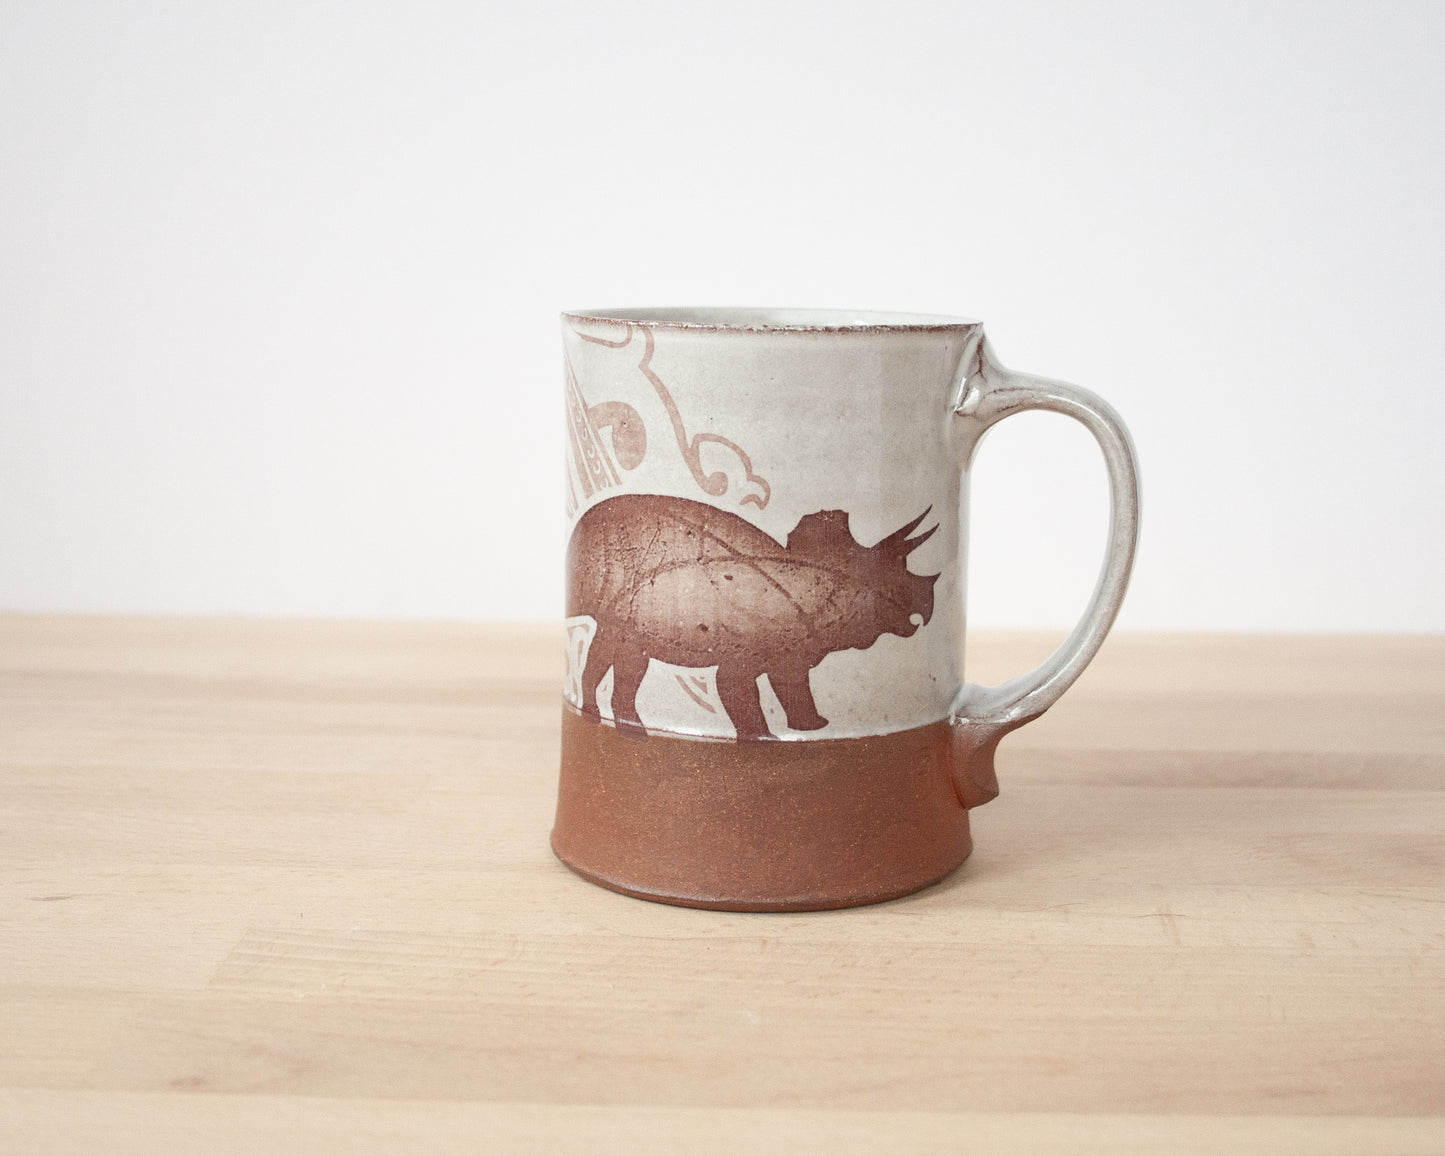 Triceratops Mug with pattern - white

* * *

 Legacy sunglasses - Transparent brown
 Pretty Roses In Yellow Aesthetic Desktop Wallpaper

## Task description
Wherever the line holding "Legacy sunglasses - Transparent brown" falls in the entries above, copy exactly from it through the line holding "Pretty Roses In", inclusive, and add nothing.

## Written solution
 Legacy sunglasses - Transparent brown
 Pretty Roses In Yellow Aesthetic Desktop Wallpaper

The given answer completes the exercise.